Post by AFlickering »

featuring the most tryhard metaphorical storm since a serious man and, oh hell yeah i'ma go there, the happening, jeff nichols' doom-mongering allegory take shelter analogises a nation's descent into economic and environmental crisis with the onset of psychosis, hoping to show that, y'know, this is an anxious period in our history and we're all walking a tightrope and we better wake the fuck up to our plight, yo. it's a big blunt stone of a film starring a big blunt stone of a lead (michael shannon), whose usual leaps between eye-twitching paranoia and troubled, stubbornly dignified stoicism as construction worker curtis go on for over two agonising hours, as nichols struggles in vain to evolve his film past the premise of an everyman slowly going nuts and turning his "good life" upside down, straining to back up the self-serious portent of his tone.
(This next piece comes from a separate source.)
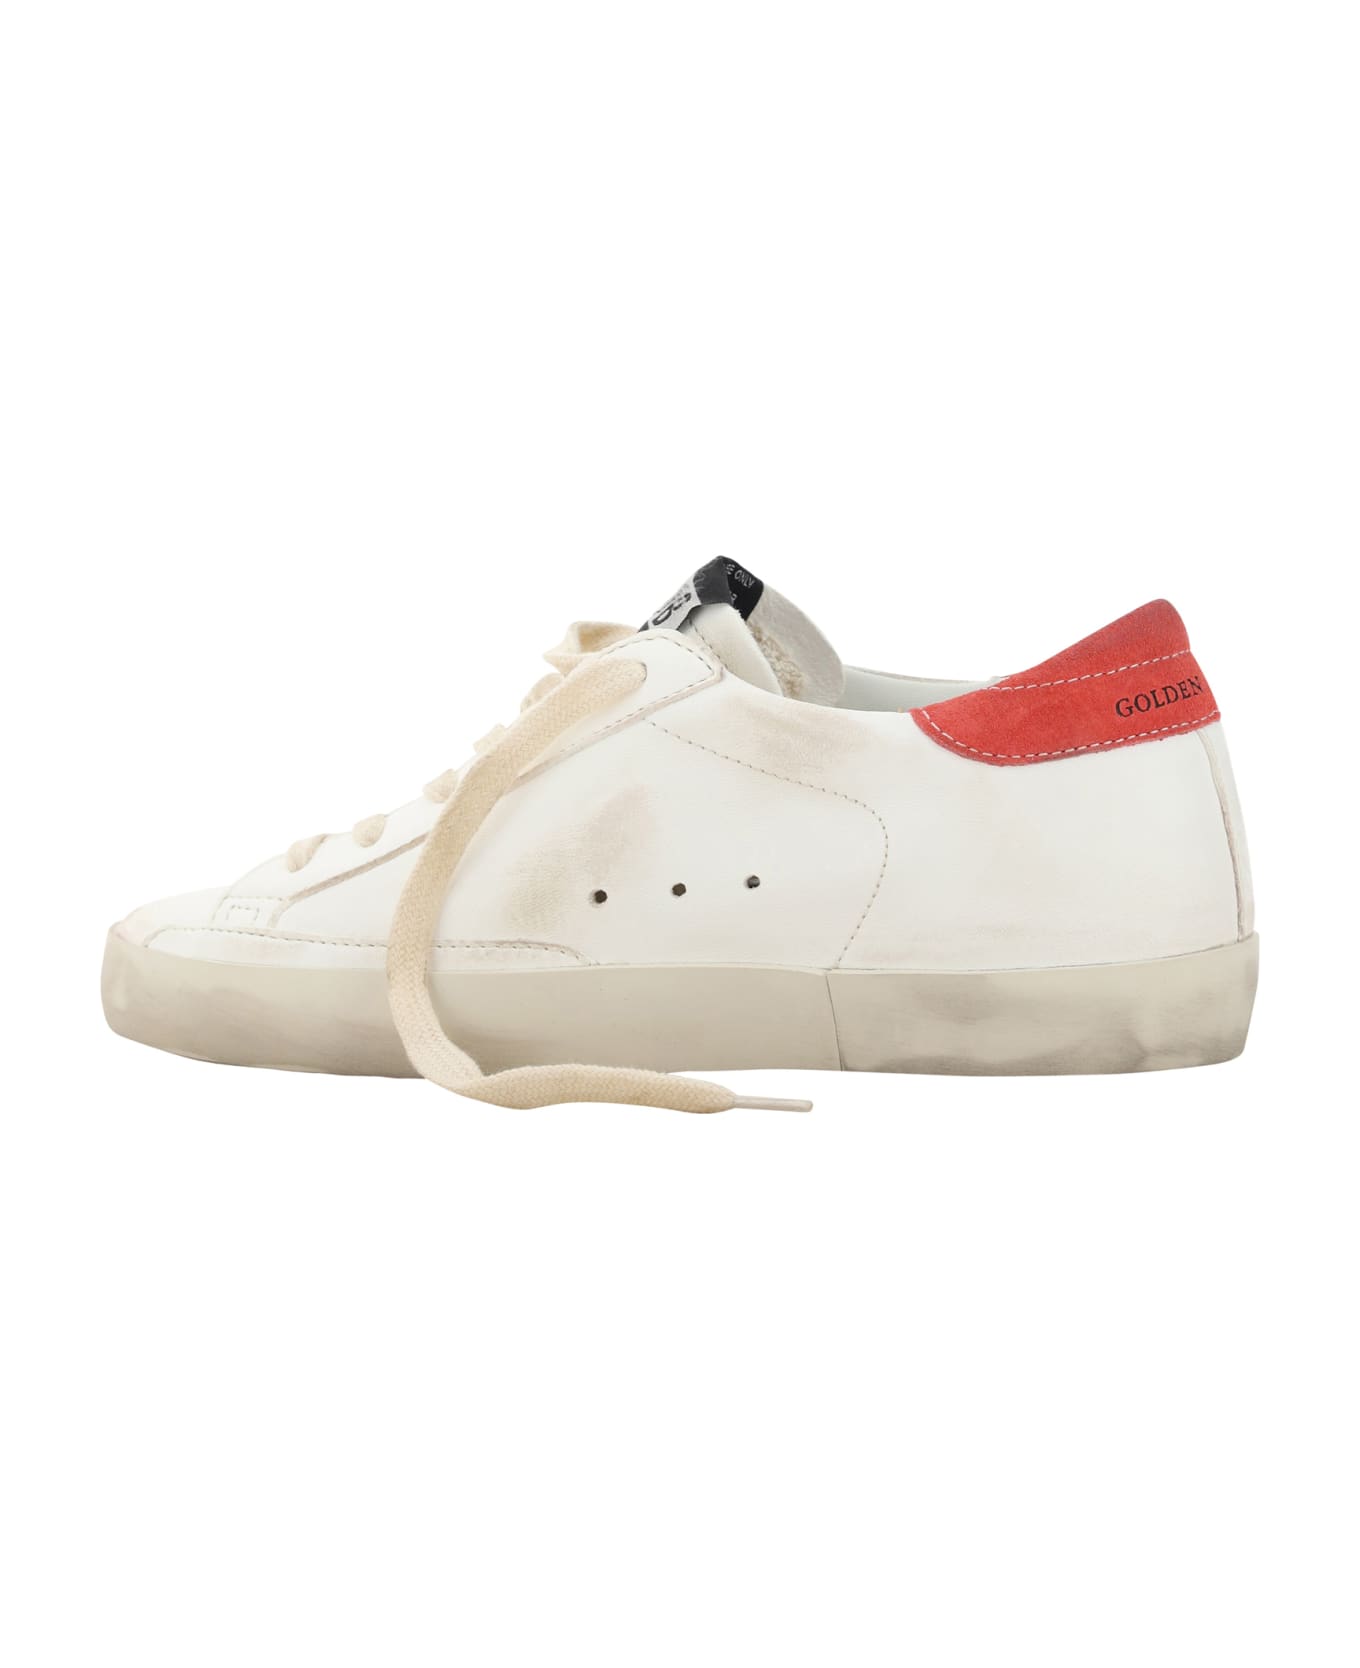 Golden Goose Superstar Classic Leather Sneakers - Cream/Fucsia

alas, curtis' torment is as mundane as foreboding can be, not in the sense that it's grounded in the reality of mental illness (in that respect the film isn't as reductive as most, but remains somewhat generic), but because it's characterised by stuff like falling birds and gnashing dogs and shitty weather and zombies and locusts and cheesy cgi-riddled dream sequences and blahhhh, using every clichéd omen of doom in the book rather than trusting a capable actor to do more of the work for us. hard to see these people as real when the director keeps sticking his nose in, bludgeoning us with one face-palmingly obvious symbol after the other; i was particularly unmoved by the deaf daughter who represents, oh you better believe it, the heedless sheeple to be shielded from the oncoming storm by our noah-surrogate.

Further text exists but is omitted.